Assignment :: Word for word, write the lines below out again, with no pictures.

Input data ::
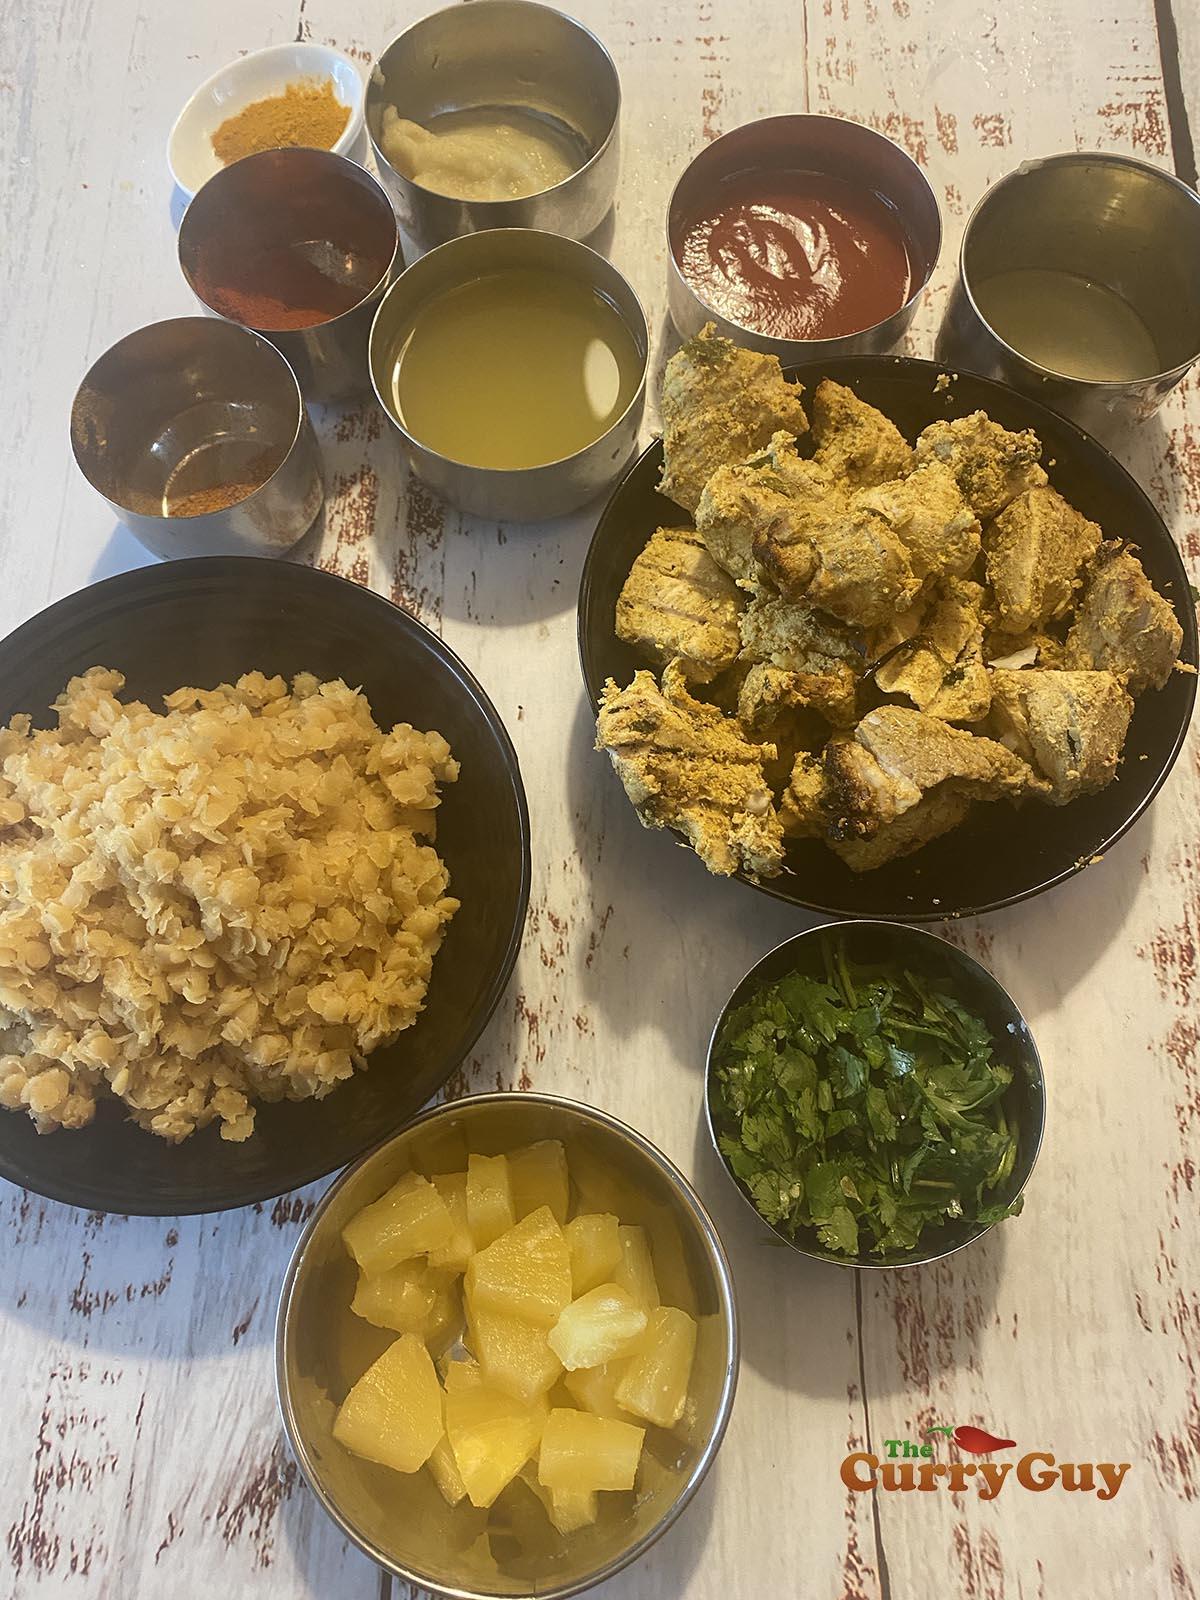 Preparing ingredients for chicken dhansak
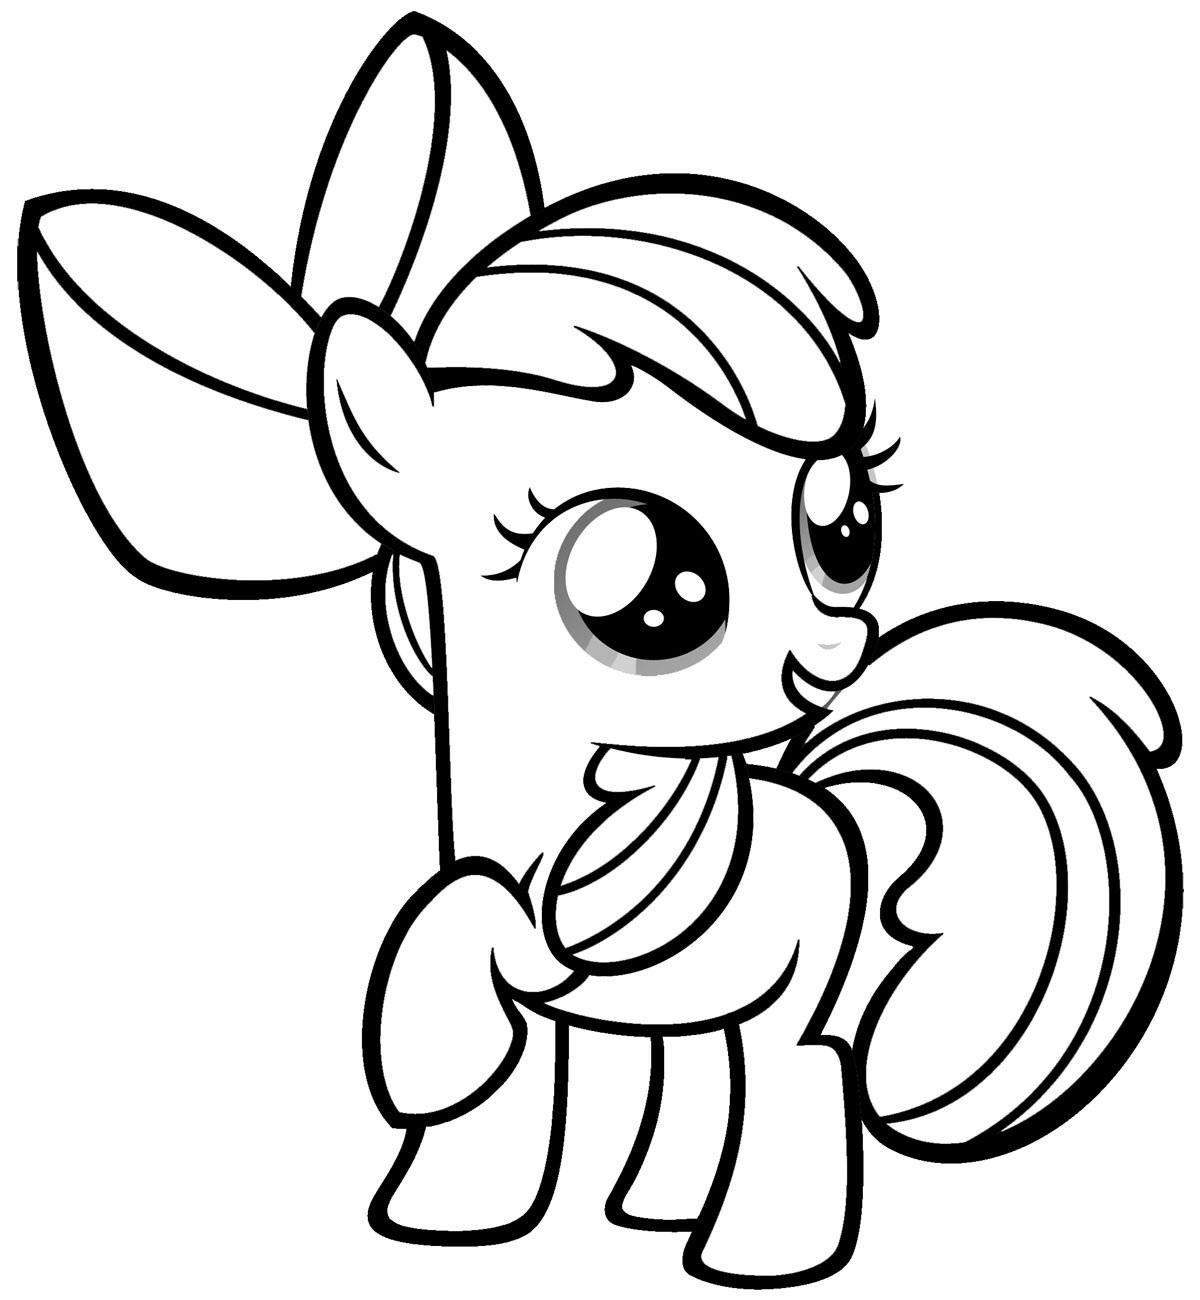 Pony coloring
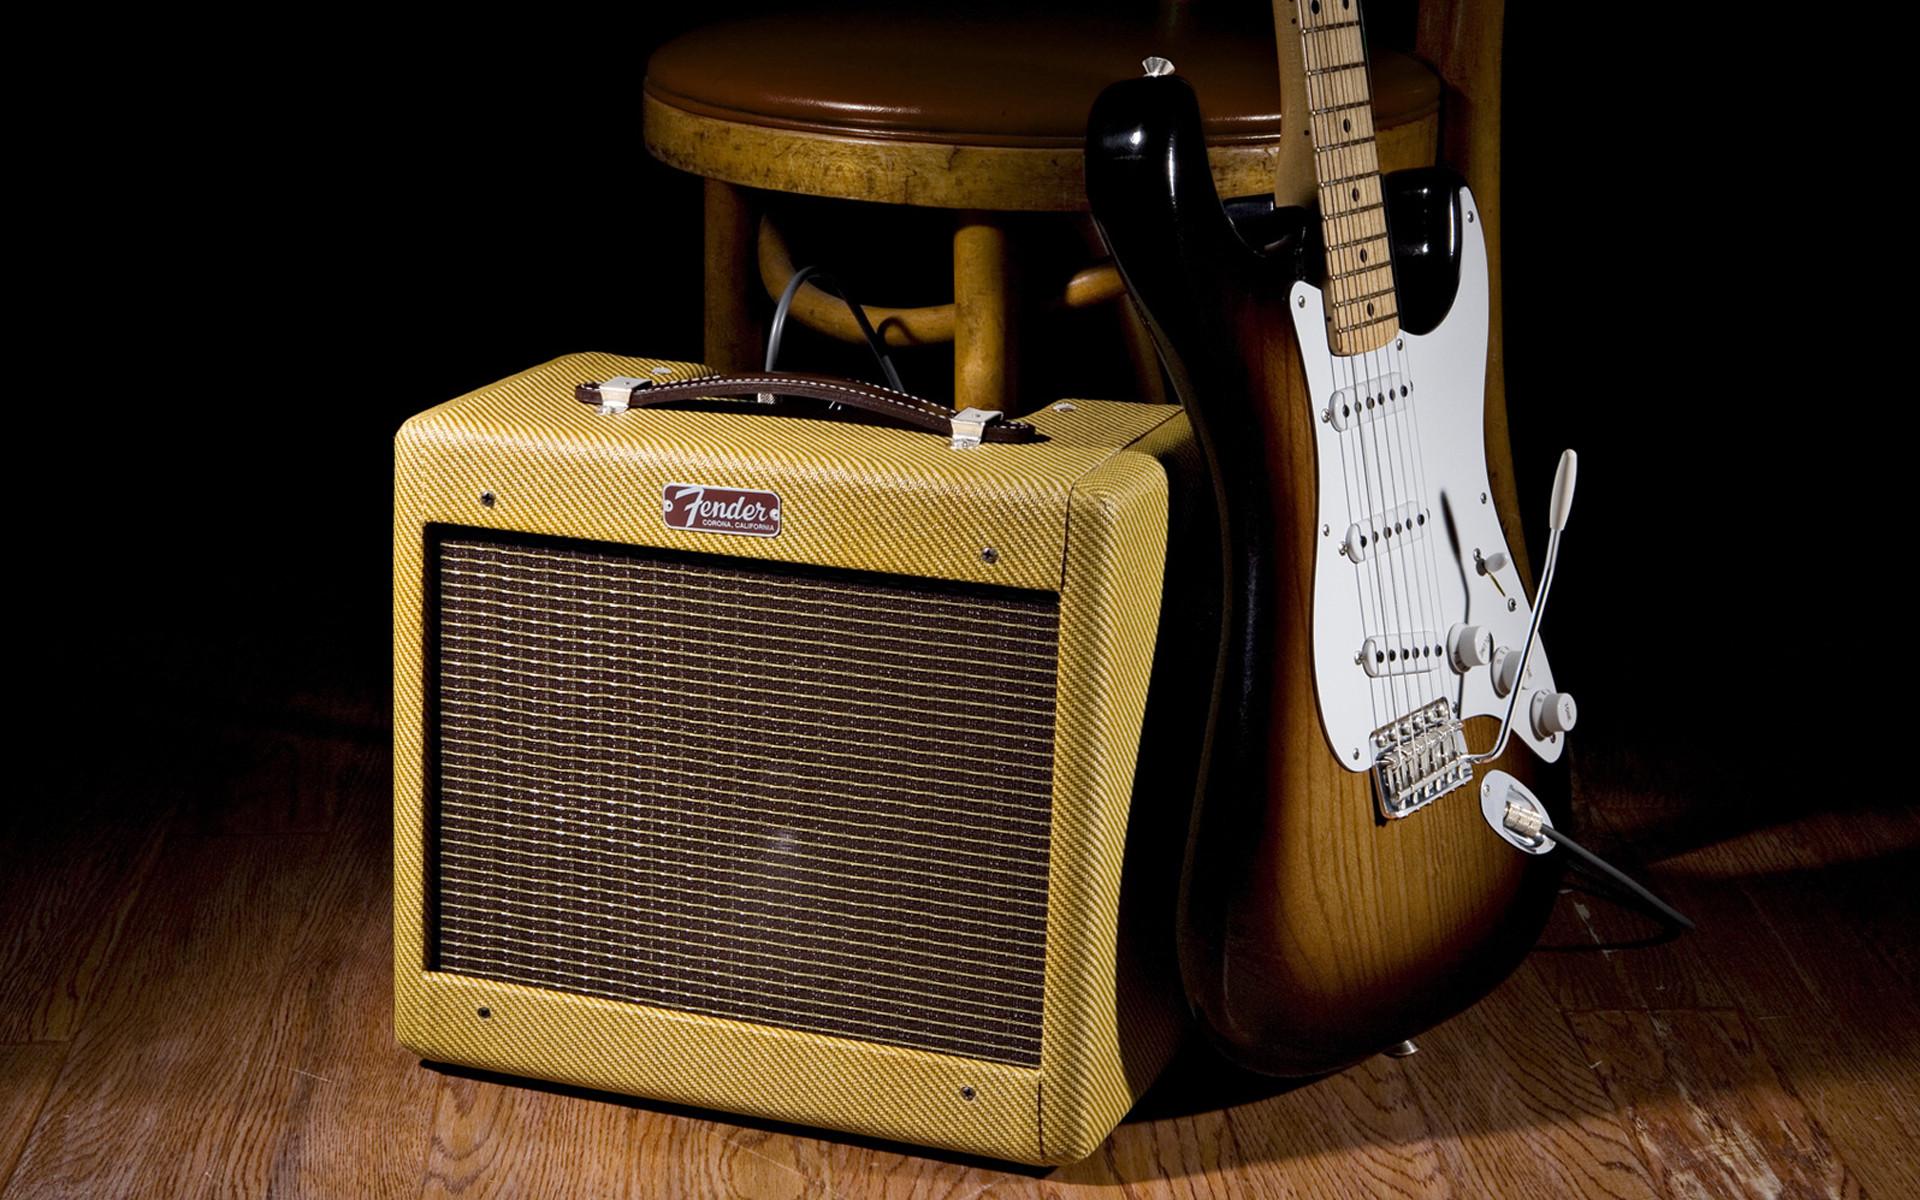 Fonds d?cran Fender : tous les wallpapers Fender
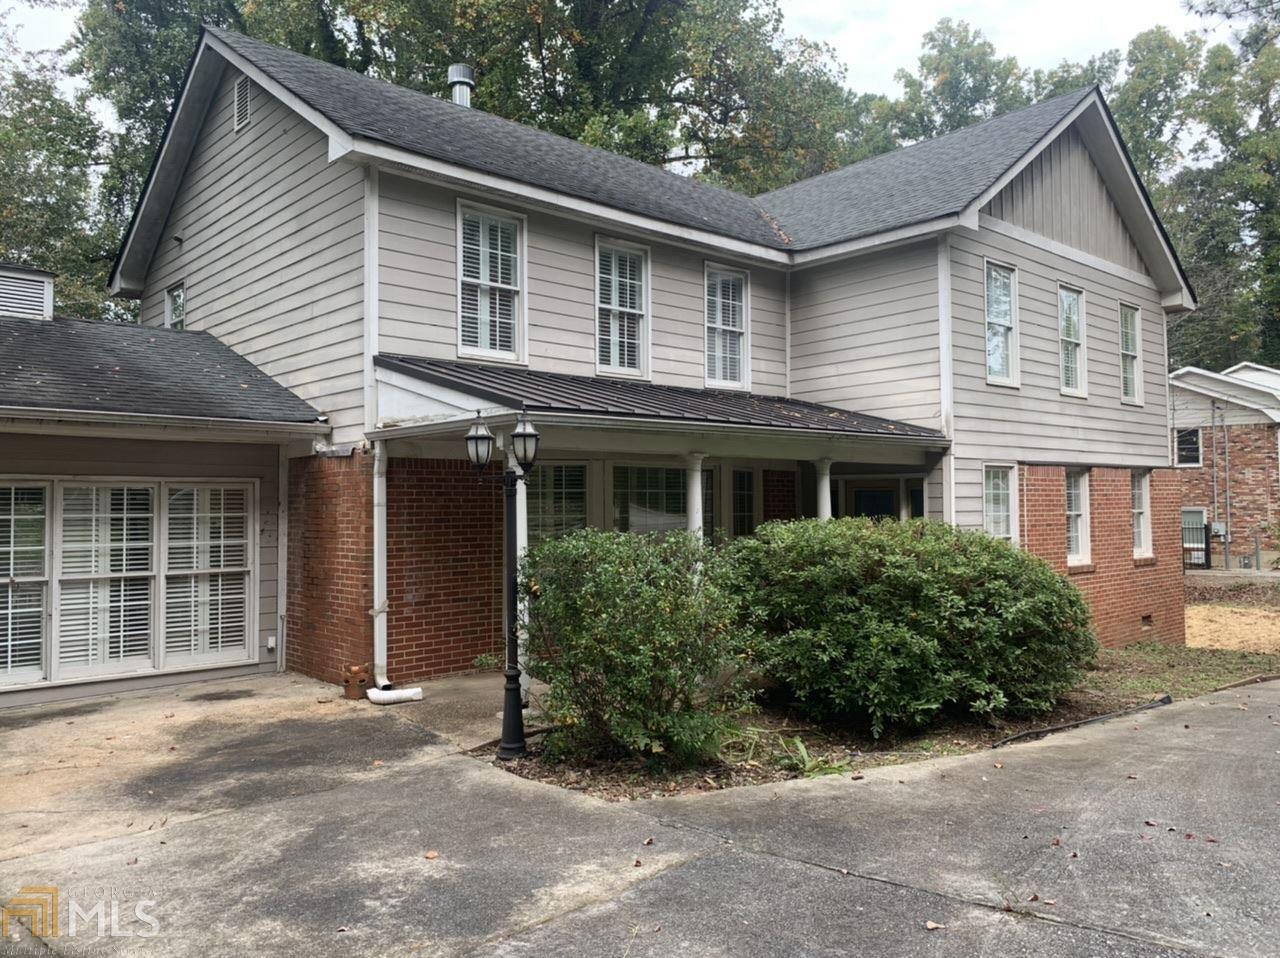 2108 Marann Dr, Atlanta, GA 30345 - MLS#: 8846849

Problem solution ::
 Preparing ingredients for chicken dhansak
 Pony coloring
 Fonds d?cran Fender : tous les wallpapers Fender
 2108 Marann Dr, Atlanta, GA 30345 - MLS#: 8846849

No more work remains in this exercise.